DATASET EXTRACT Start Marker
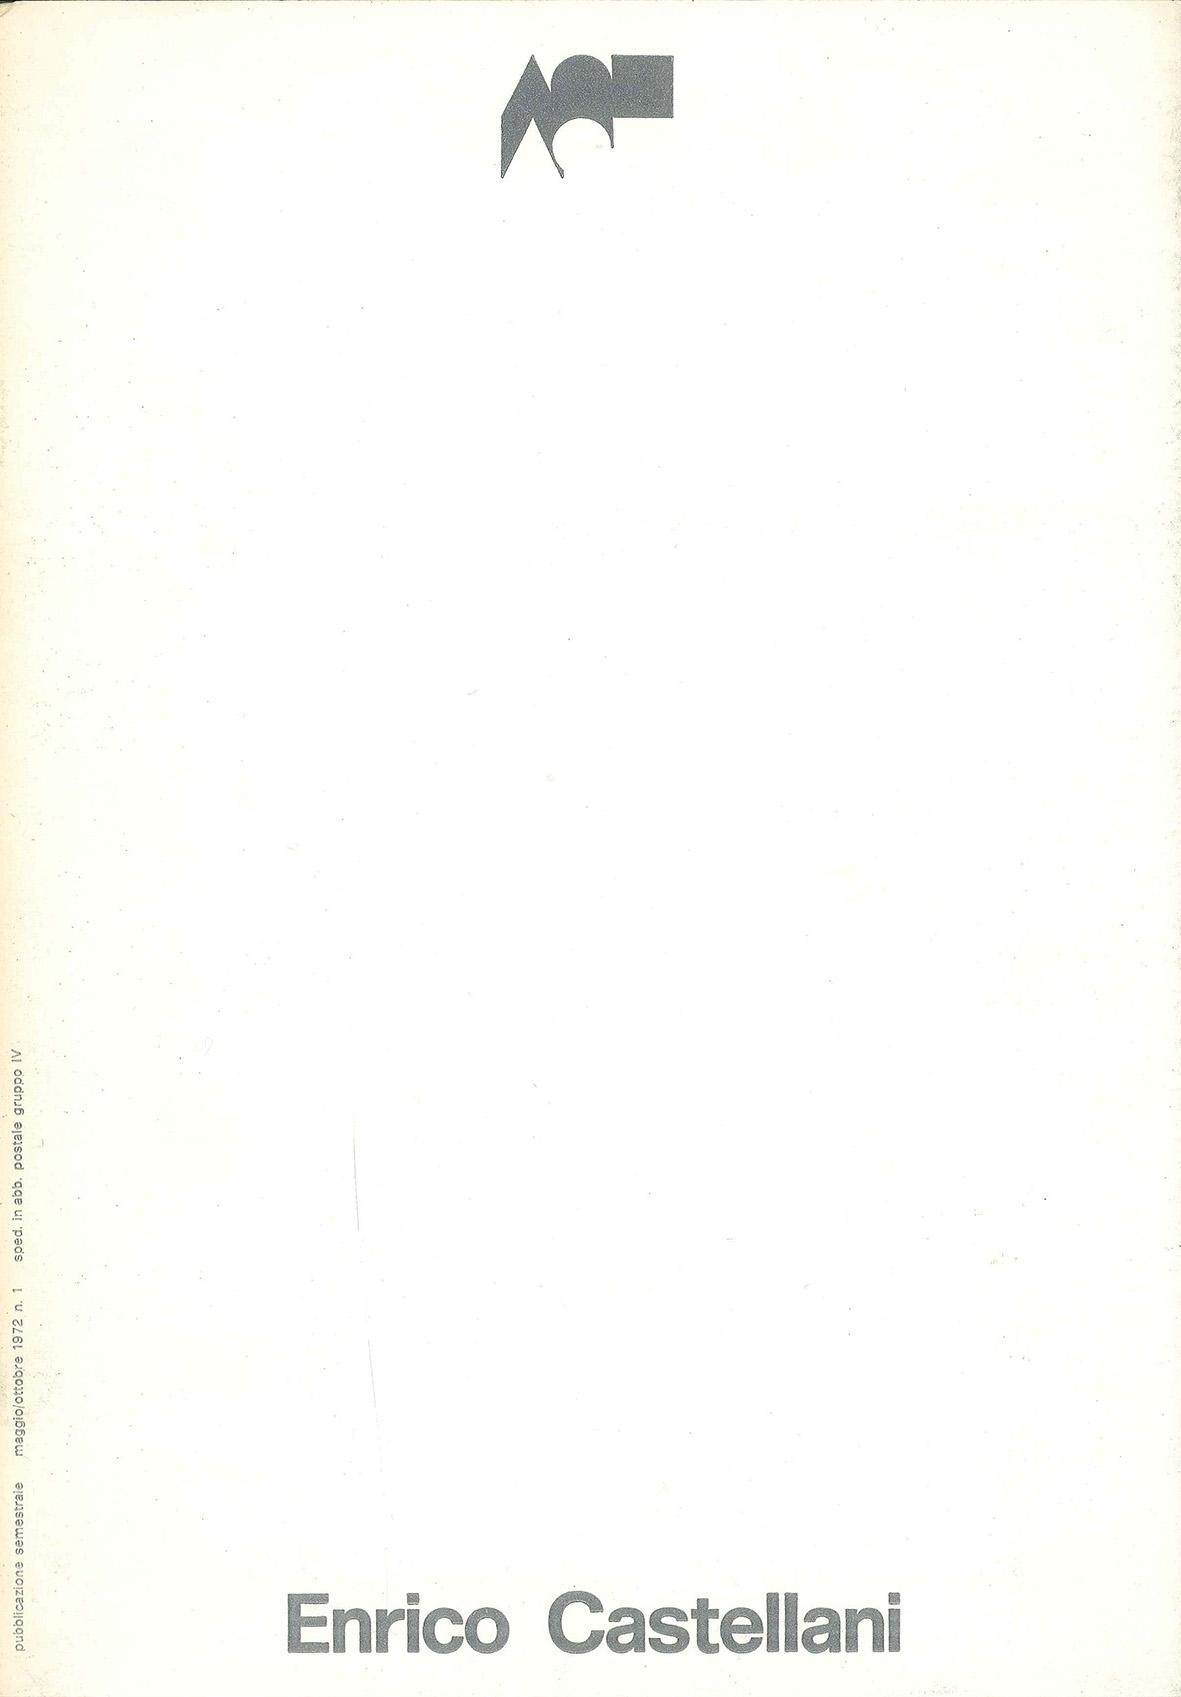 Copertina - Enrico Castellani, 1972, Galleriaforma, Genova
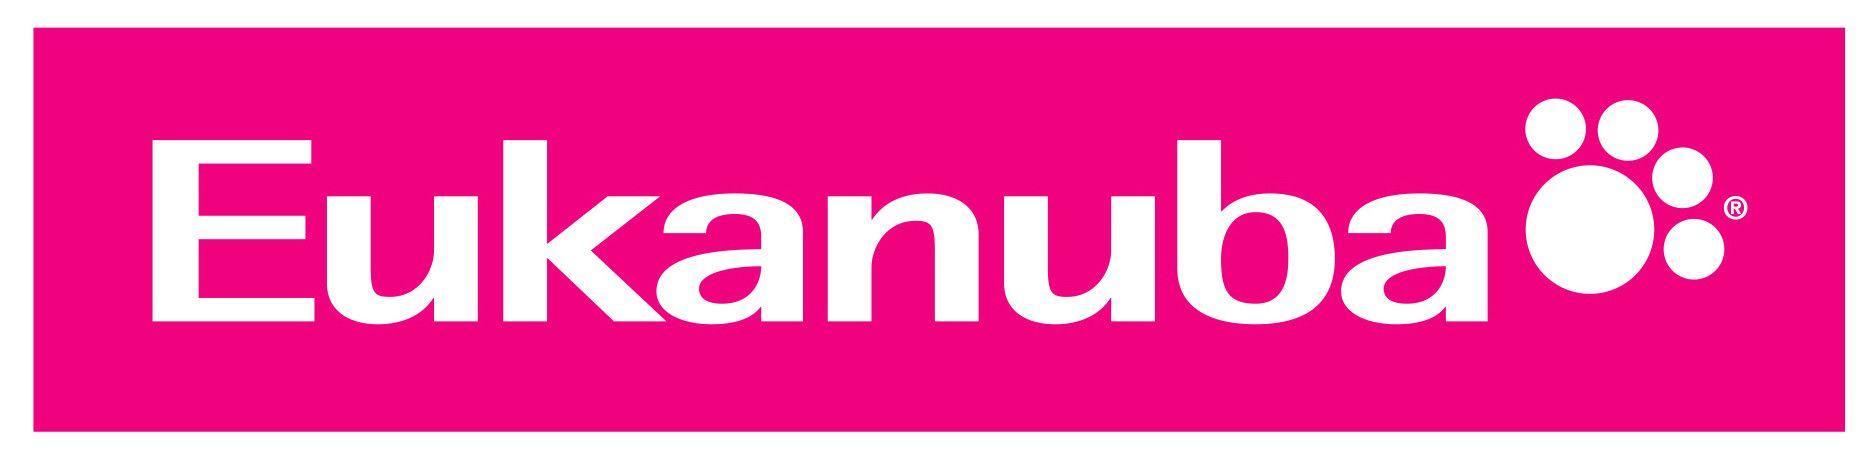 Eukanuba Logo - eukanuba logo :: Russell Feed & Supply
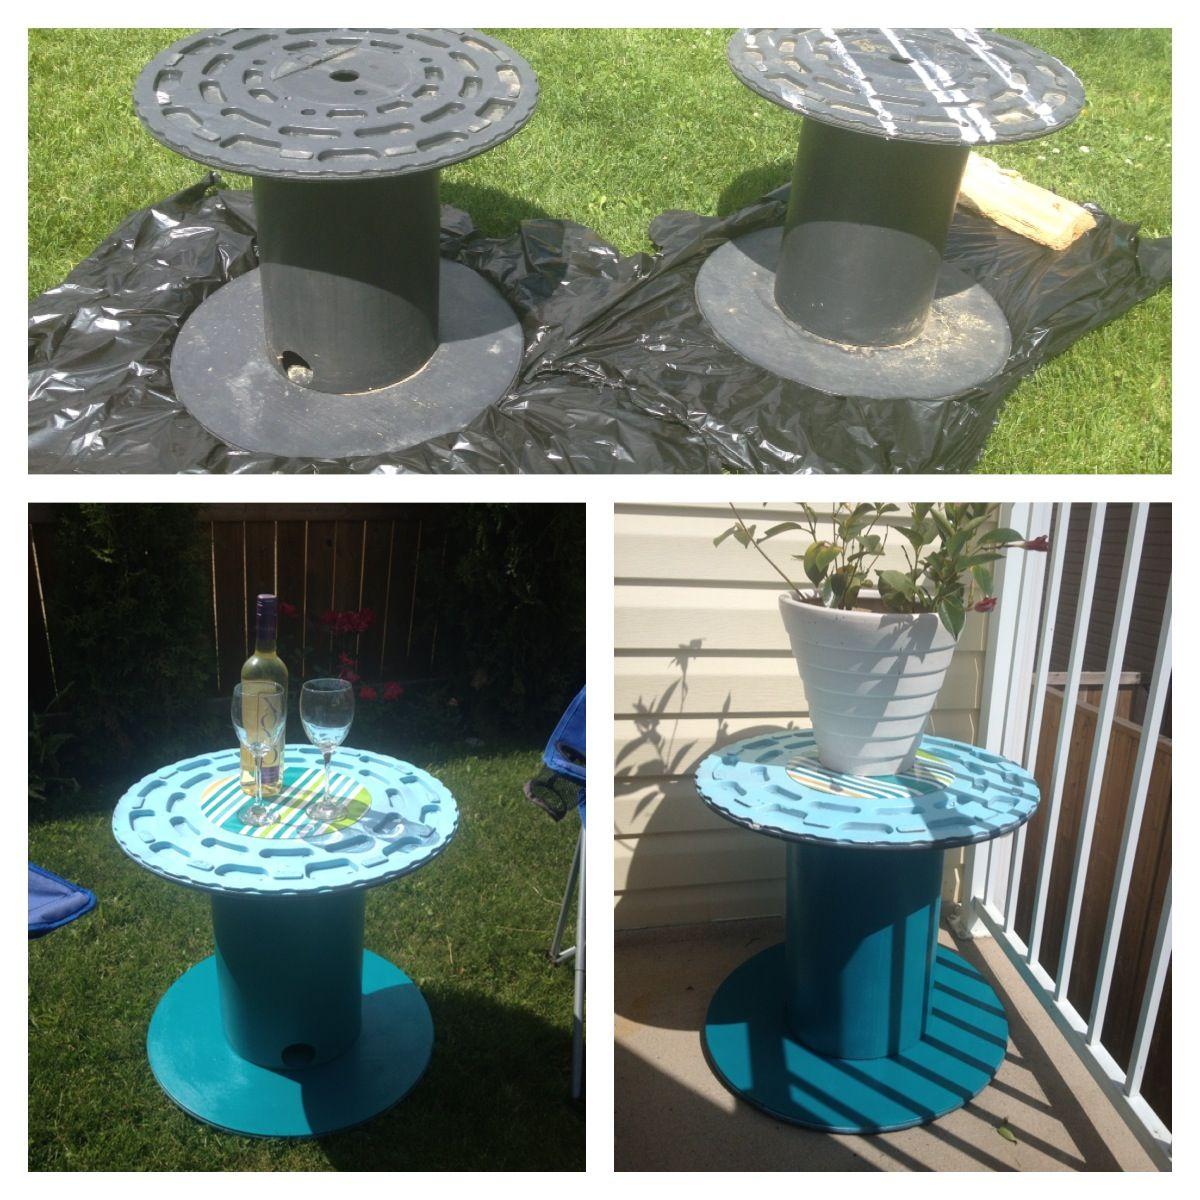 plastic cable spools free spray paint 4 plastic place mats 2
DATASET EXTRACT End Marker
§ PROBLEM DETAILS
Reproduce the lines of the listing exactly, starting at the one that contains "Eukanuba Logo - eukanuba" and continuing through the final line, but leave out the pictures.

§ RESPONSE TO THIS TASK
 Eukanuba Logo - eukanuba logo :: Russell Feed & Supply
 plastic cable spools free spray paint 4 plastic place mats 2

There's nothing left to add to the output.